Para os coletivos feministas presentes, os novos casos não surpreendem e mostram apenas uma pequena parcela dos abusos e atrocidades contra os direitos humanos que acontecem não só na FMUSP, mas em outros cursos da universidade.

“Entrei na USP em 2011 e venho atuando no movimento desde então. Não há um mês sem que não soubéssemos de um caso de assédio, de violência e perseguição. É comum receber denúncias (...). Se você é uma vítima, você não tem onde se apoiar, não tem um centro de referência. É muito difícil acreditar que os representantes (da universidade) não saibam que isso aconteça. Não dá para aceitar esse tipo de justificativa”, disse a estudante de Ciências Sociais Letícia Pinho, que integra a Frente Feminista da USP.

Quem também não acredita nas alegações da direção da FMUSP é o Coletivo Feminista Geni, que levou um documento à comissão no qual faz uma série de críticas ao trato dado por Auler Junior ao assunto.

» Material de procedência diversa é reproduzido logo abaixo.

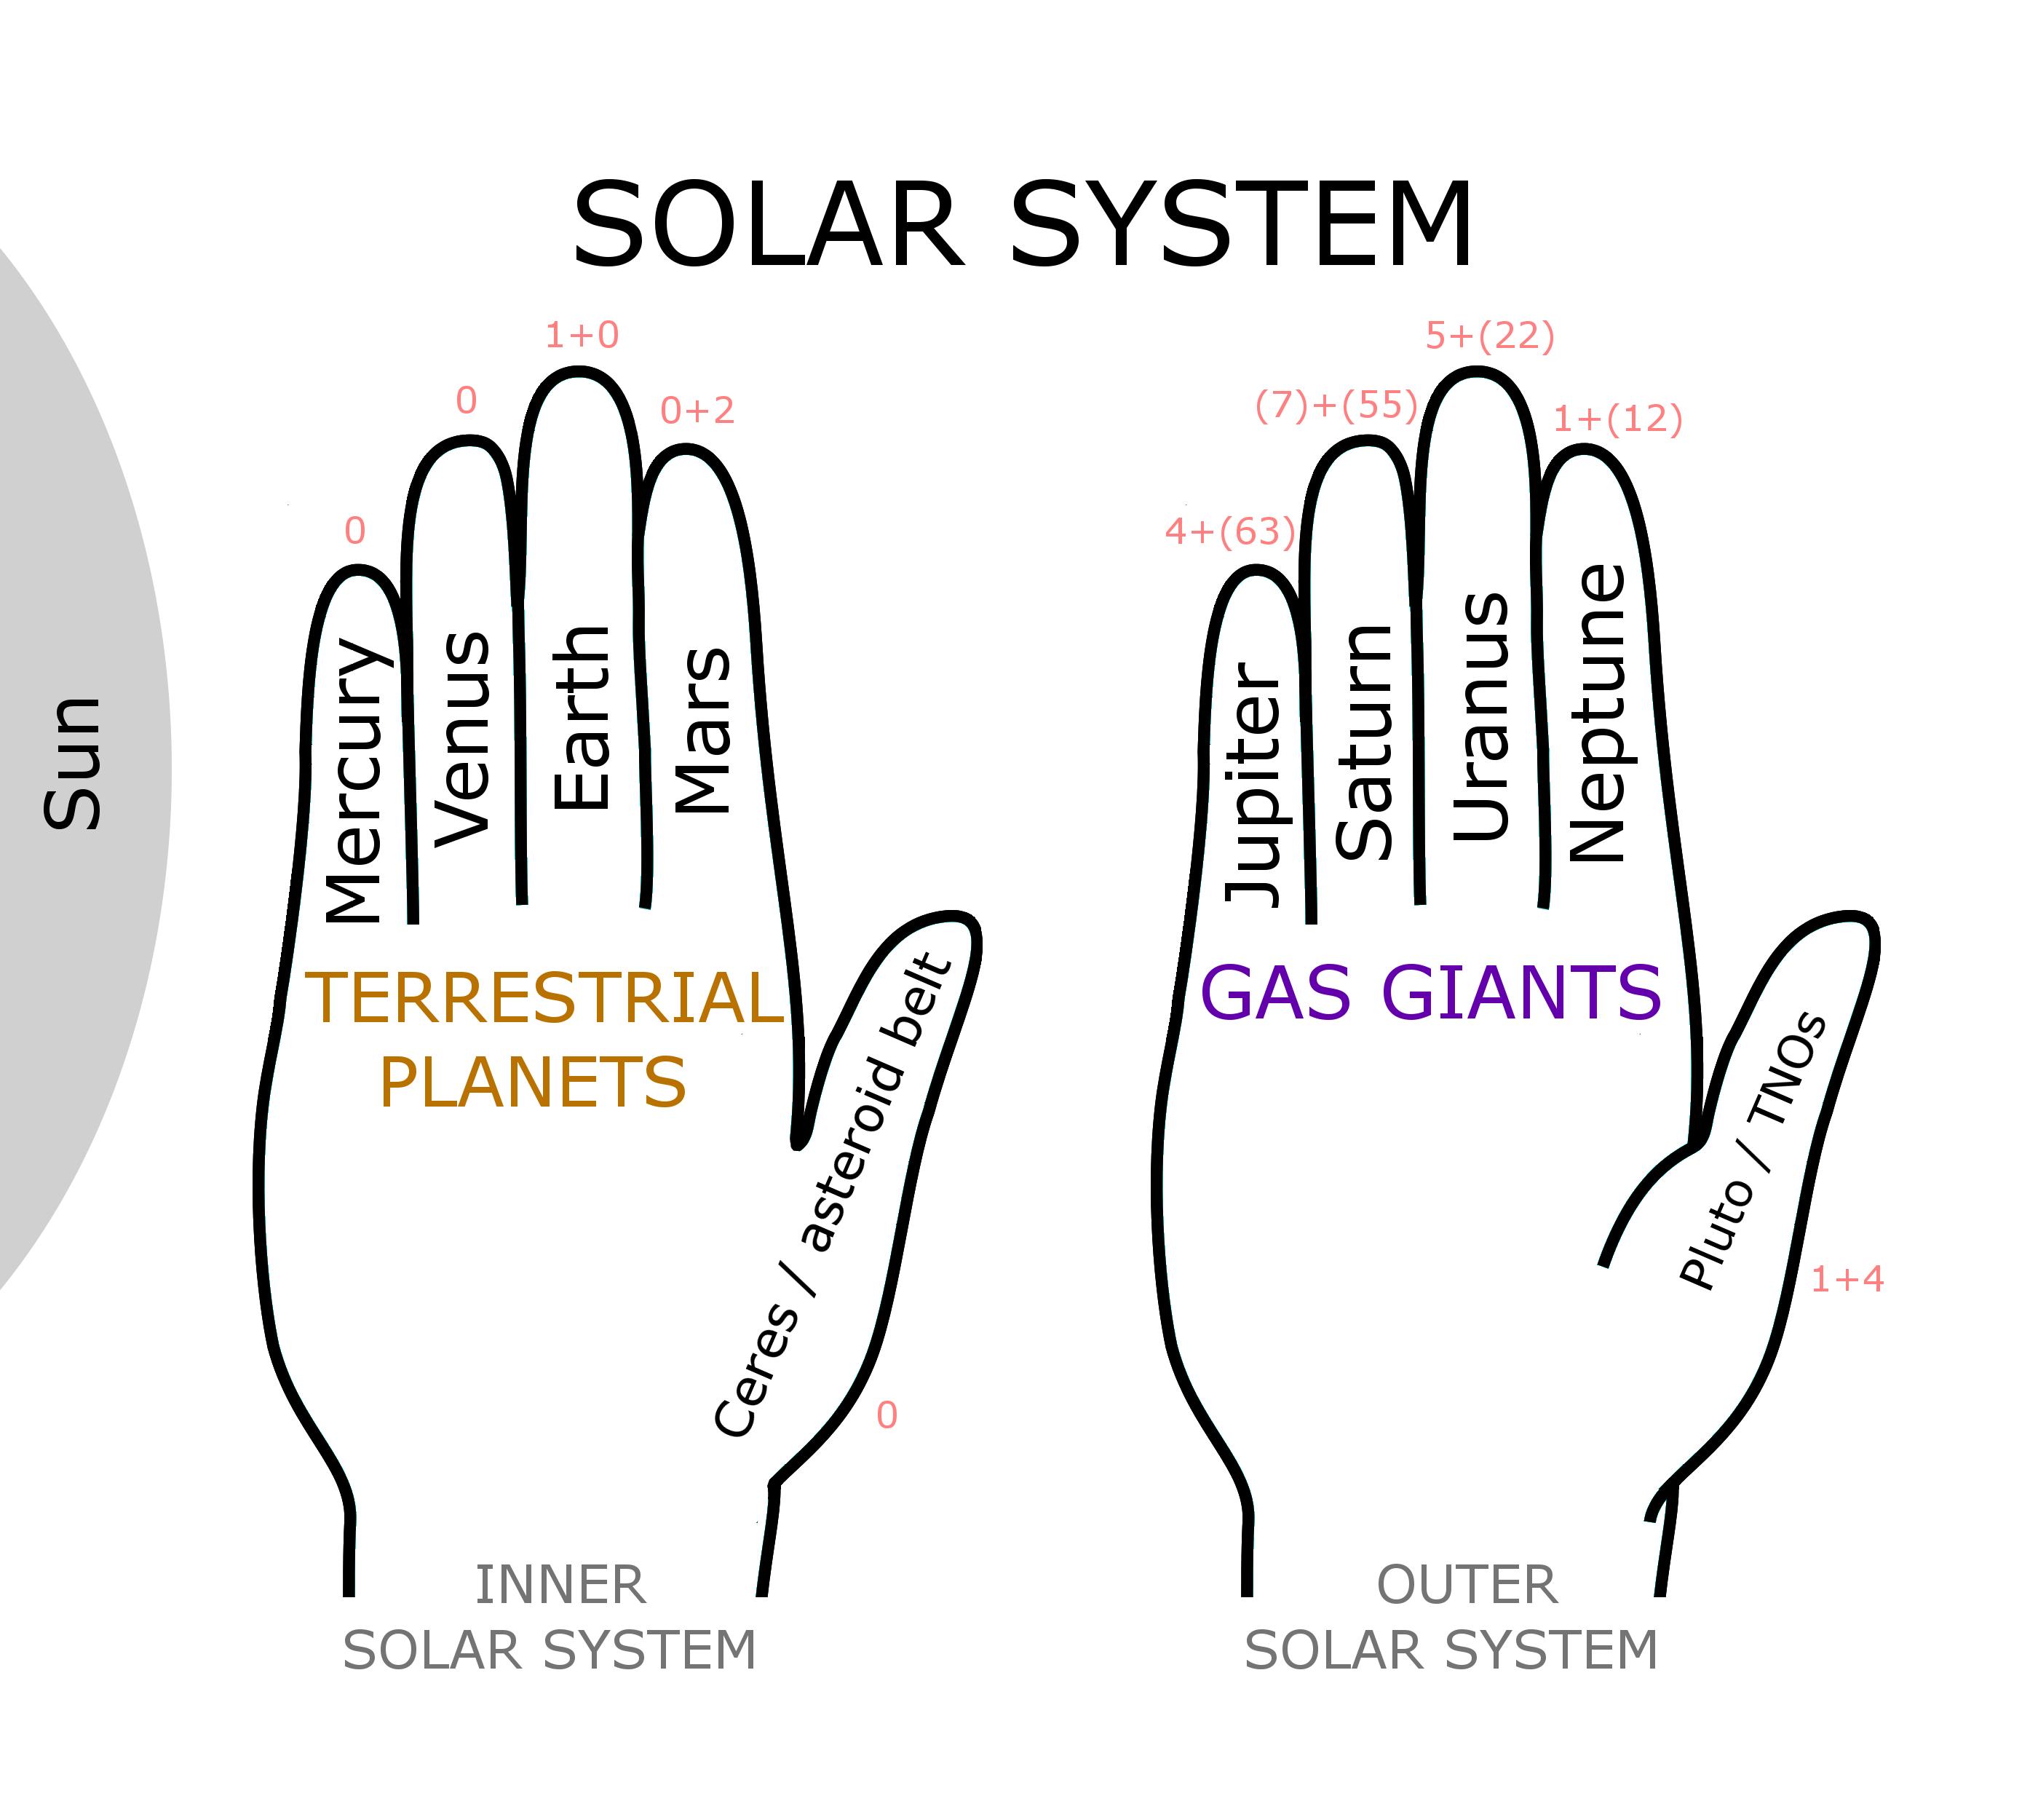 30 Solar System Diagram To Label

“Quando (o diretor) fala à sociedade que o combate à intolerância e à violência é um trabalho conjunto, mais uma vez (são) palavras jogadas ao vento, porque pelos relatos ouvidos até agora, pela história da vítima que falou em primeira pessoa, o professor Auler não pratica integralmente o que diz, algo que os linguistas chamam de falso performativo”, diz o manifesto (ouça a íntegra da leitura abaixo).

Representante do DCE da USP na audiência, o estudante de Geografia Gabriel Regensteiner disse que as denúncias na FMUSP fizeram com que a entidade estudantil recebesse “várias denúncias de outros cursos” no que diz respeito a abusos sexuais e racismo. Segundo ele, isso demonstra um “problema estrutural, e que não é exclusividade da FMUSP”. Ele não acredita, porém, que pôr fim às festas na universidade, medida já em vigor, irá resolver o problema. As críticas, porém, estão rendendo 'dor de cabeça' ao próprio DCE, como mostra a postagem a seguir.

Phillipe Pessoa, integrante da diretoria da Associação de Pós-Graduandos da capital, destacou que abusos atingem também a área de pós-graduação das universidades. Na condição de relações entre aluno e orientador, acaba ocorrendo uma cultura de desrespeitos “às vezes pior” do que na graduação. “Em geral, há uma hierarquia do professor para o pós-graduando e isso leva a inúmeros casos”, concluiu.